* TASK DESCRIPTION
Return the listing verbatim, images left out.

* EXERCISE DATA

※

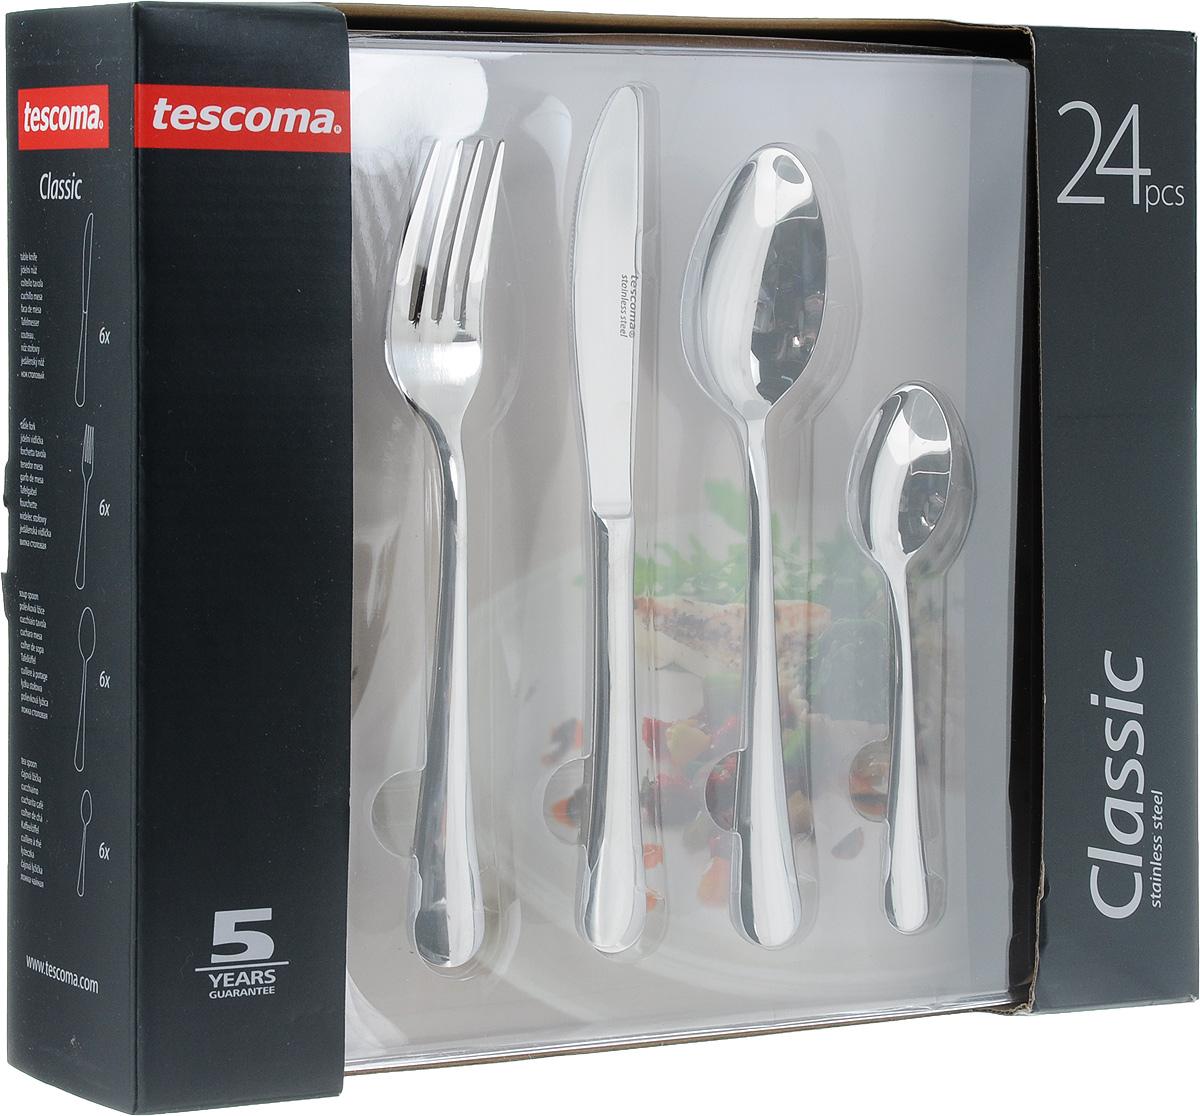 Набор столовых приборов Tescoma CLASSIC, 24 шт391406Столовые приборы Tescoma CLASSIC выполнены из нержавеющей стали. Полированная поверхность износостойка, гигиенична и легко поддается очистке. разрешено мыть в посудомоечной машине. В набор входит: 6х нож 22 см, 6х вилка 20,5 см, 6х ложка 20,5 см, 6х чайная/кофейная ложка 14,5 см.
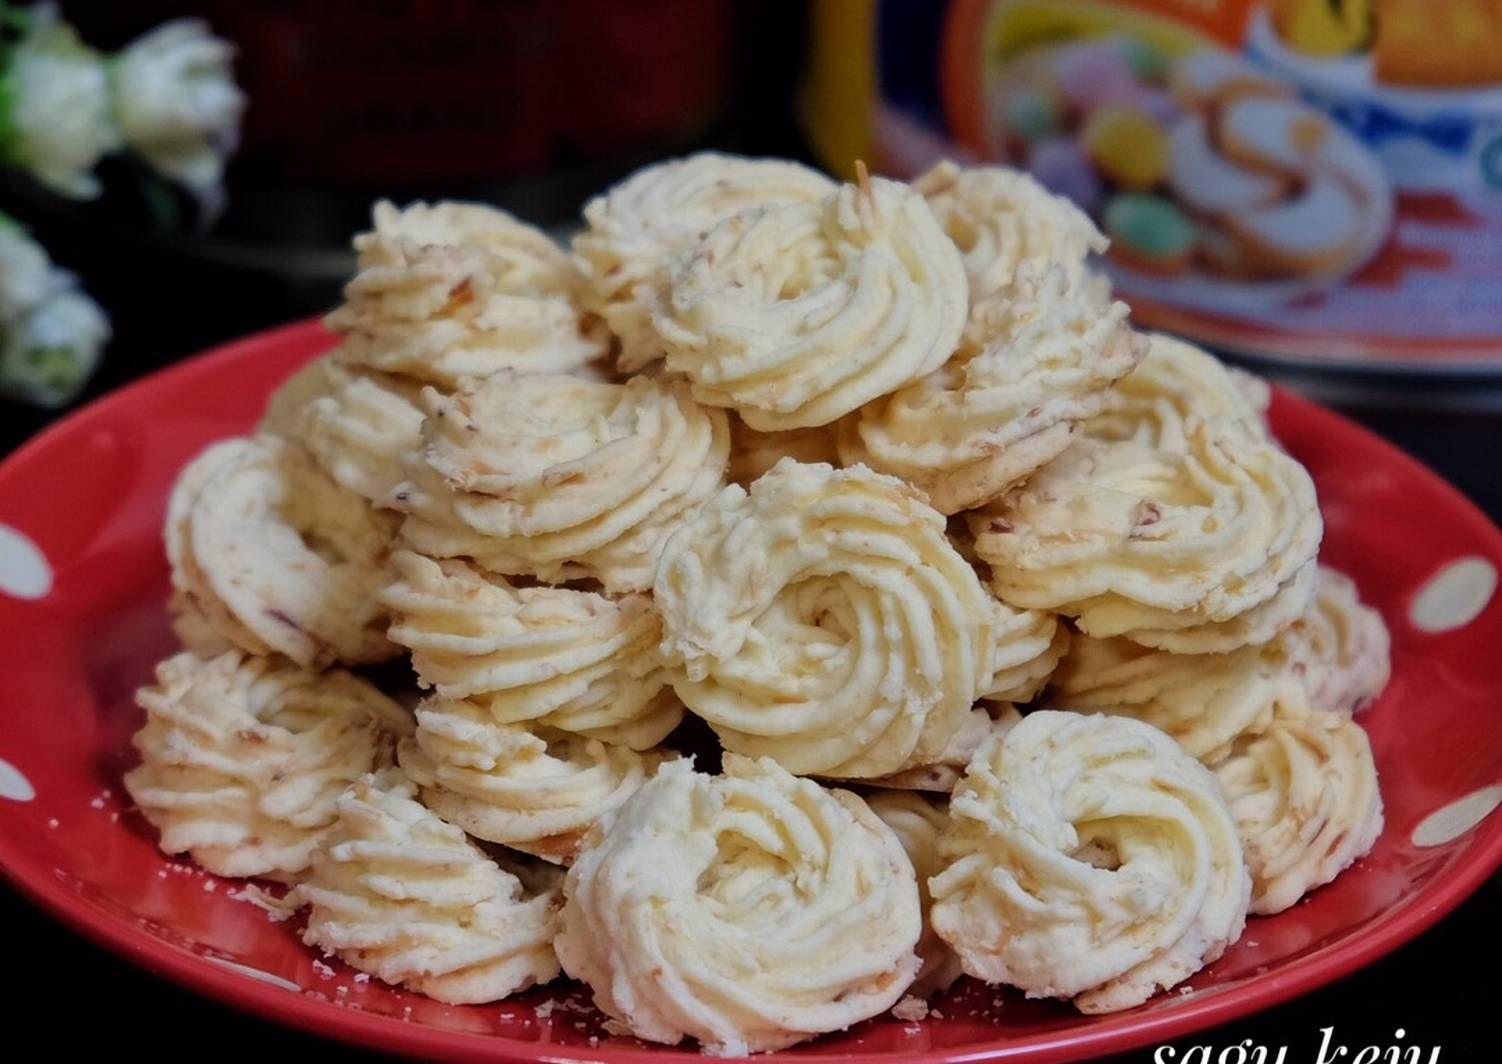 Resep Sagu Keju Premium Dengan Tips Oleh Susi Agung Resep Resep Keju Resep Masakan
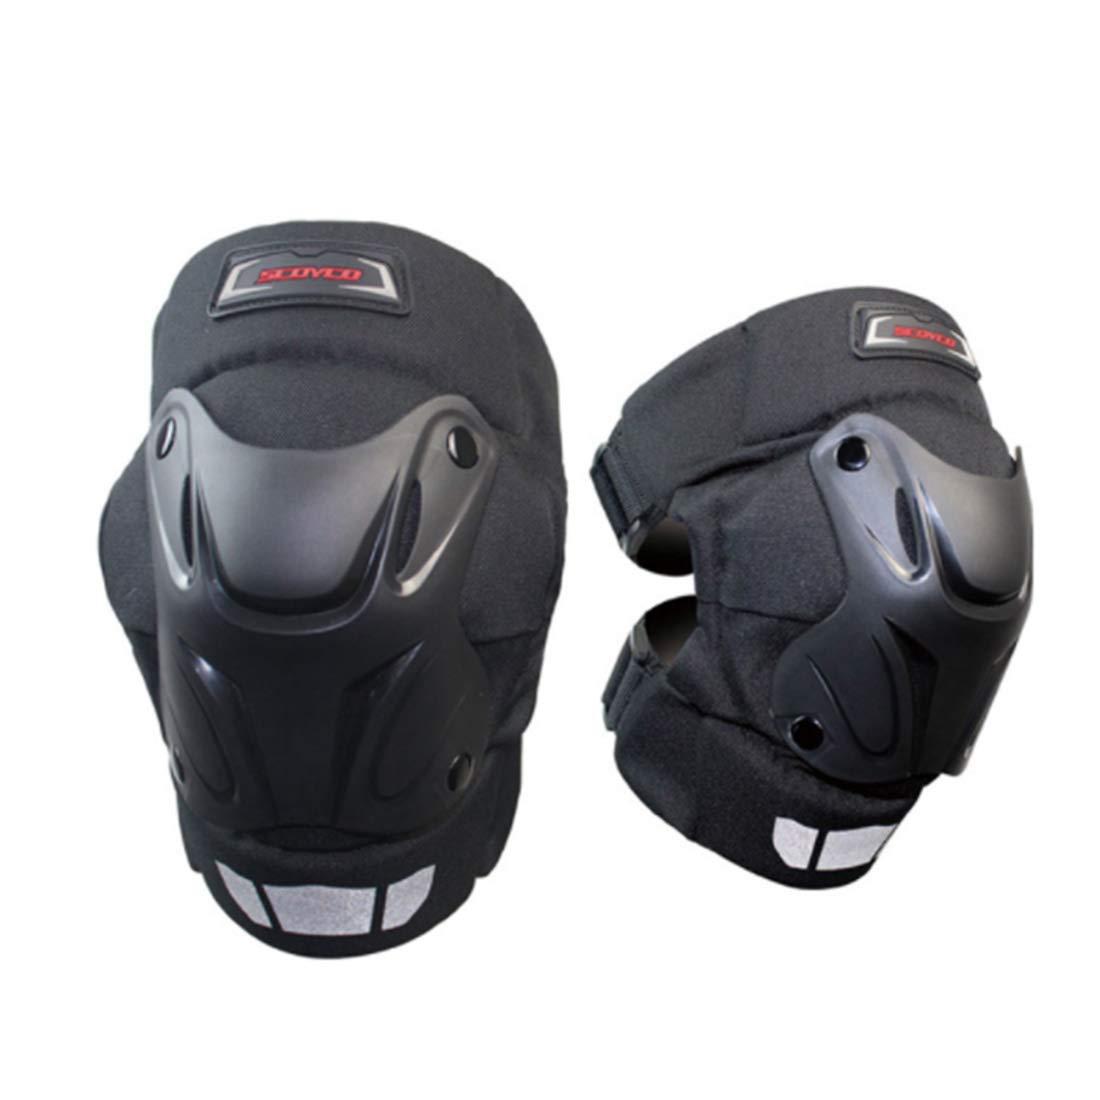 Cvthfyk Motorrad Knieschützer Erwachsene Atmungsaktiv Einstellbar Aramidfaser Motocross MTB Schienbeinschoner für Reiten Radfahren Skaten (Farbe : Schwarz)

※

* OUTPUT OF THE TASK
 Набор столовых приборов Tescoma CLASSIC, 24 шт391406Столовые приборы Tescoma CLASSIC выполнены из нержавеющей стали. Полированная поверхность износостойка, гигиенична и легко поддается очистке. разрешено мыть в посудомоечной машине. В набор входит: 6х нож 22 см, 6х вилка 20,5 см, 6х ложка 20,5 см, 6х чайная/кофейная ложка 14,5 см.
 Resep Sagu Keju Premium Dengan Tips Oleh Susi Agung Resep Resep Keju Resep Masakan
 Cvthfyk Motorrad Knieschützer Erwachsene Atmungsaktiv Einstellbar Aramidfaser Motocross MTB Schienbeinschoner für Reiten Radfahren Skaten (Farbe : Schwarz)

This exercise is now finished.